Остальные смылись с горизонта, и больше о них слышать уже не довелось.
Июль на исходе.
Жизнь бьет ключом, но больше по голове.
Утром обыск. Пополудни допрос. Ночью пуля в затылок.
В промежутках спектакли для народа в Каретном ряду, в Эрмитаже.
И в бывшем Камерном, на Тверском.
В Эрмитаже поет Шаляпин. В Камерном идет 'Леда' Анатолия Каменского.
На Леде золотые туфельки и никаких предрассудков.
— Раскрепощение женщины, свободная любовь.
Швейцар Алексей дает понять, что пора переменить адрес.
— Приходили, спрашивали, интересовались.
Человек он толковый, и на ветер слов не кидает.
Выбора нет.
Путь один — Ваганьковский переулок, к комиссару по иностранным делам, Фриче.
У Фриче бородка под Ленина, ориентация крайняя, чувствительность средняя.

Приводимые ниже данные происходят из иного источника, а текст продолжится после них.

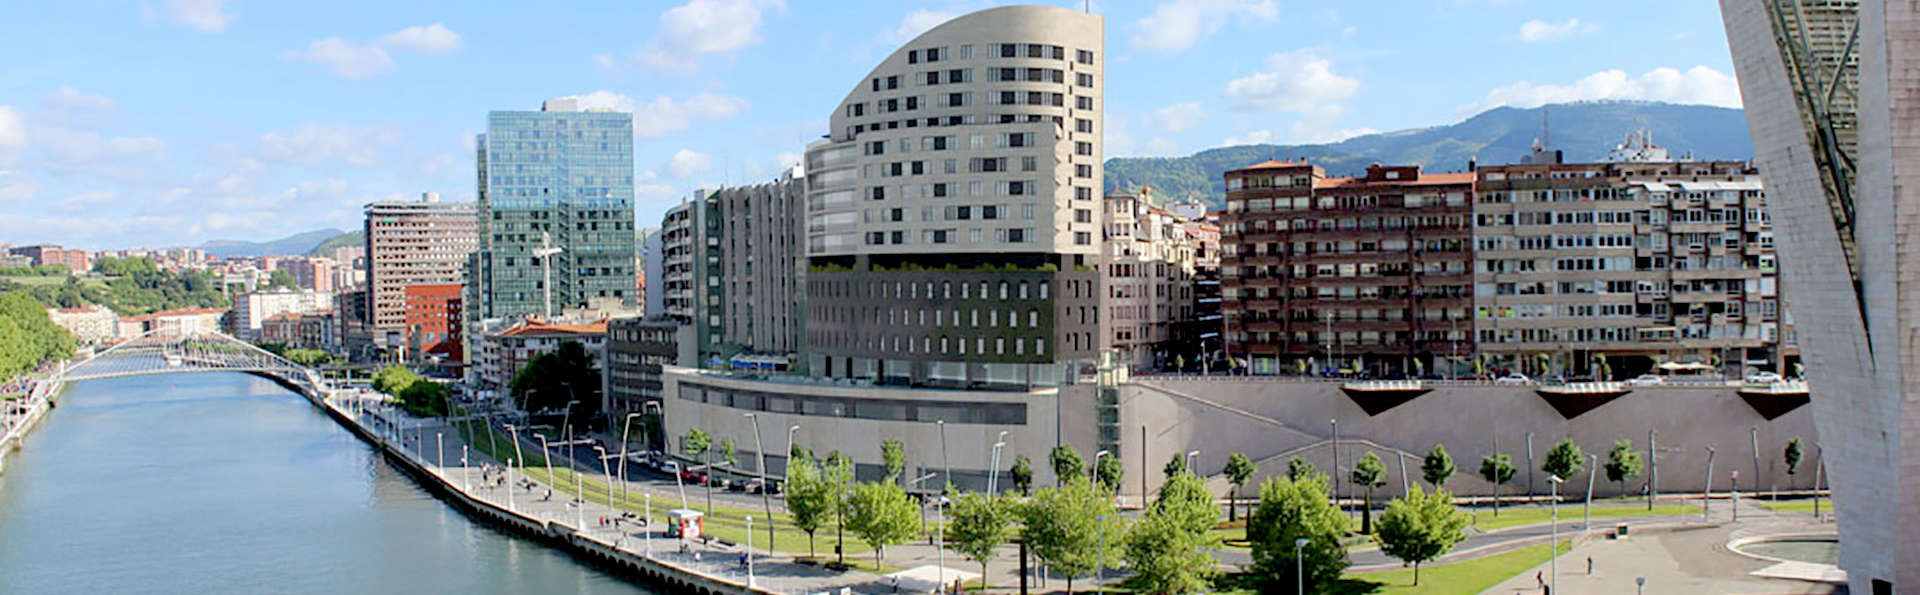 Hotel Gran Bilbao - Edit_Destination7.jpg

— Пришел я, Владимир Максимилианович, насчет паспорта…
— И ты, Брут?!
— И я, Брут.
Диалог короткий, процедура длинная. Бумажки, справки, подчистки, документики. От оспопрививания начиная, и до отношения к советской власти включительно.
Фриче поморщился, презрел, министерским почерком подмахнул, и печать поставил:
— Серп и молот, канун да ладан.
Вышел на улицу, оглянулся по сторонам, читаю паспорт, глазам не верю:
'Гражданин такой-то отправляется за границу…'
Чрез много лет пронзительные строки Осипа Мандельштама озарятся новым и безнадежным смыслом:
Кто может знать при слове — расставанье.
Какая нам разлука предстоит…
Опыта не было, было предчувствие.
Отрыв. Отказ. Пути и перекрестки.
Направо пойдешь, налево пойдешь. Сердца не переделаешь.
'Что пройдет, то станет мило. А что мило, то пройдет'.
Так было, так будет.
Только возврата не будет. Всё останется позади.
Словами не скажешь. Но только то, что не сказано, и запомнится навсегда.
У каждого свое, и каждый по-своему.
А там видно будет.
Поезд уходил с Брестского вокзала. До станции Орши, где начинается Европа:
— Немецкая вотчина. Украинское гетманство.
Вдоль вагонов шныряют какие-то наймиты, синие очки, наспех наклеенные бороды.
До совершенства еще не дошли. Дойдут.
В салон-вагоне турецкий посланник со свитой; обер-лейтенант с красной лакированной сумкой через плечо, — дипломатический курьер германского посольства в Денежном переулке; и весело настроенные румынские музыканты, отпиликавшие свой репертуар в закрывшихся ресторанах.
Вокруг — необычайная, сдержанная, придавленная страхом суета.
Третий звонок.
Милые глаза, затуманенные слезой.
Опять Отрыв. И снова Отказ. От самих себя. И друг от друга.
И под стук колес, в душе, в уме — певучие, не спетые, несказанные слова:
Шаль с узорною каймою
На груди узлом стяни…
Игорь Кистяковский, московская знаменитость, а теперь гетманский министр внутренних дел, еженедельно вызывает Василевского для объяснений и внушений.
Василевский нисколько не смущается и говорит: — Вы, Игорь Александрович, дошли до министерства, мы до 'Чортовой перечницы'. Разница только в том, что у нас успех, а у вас никакого…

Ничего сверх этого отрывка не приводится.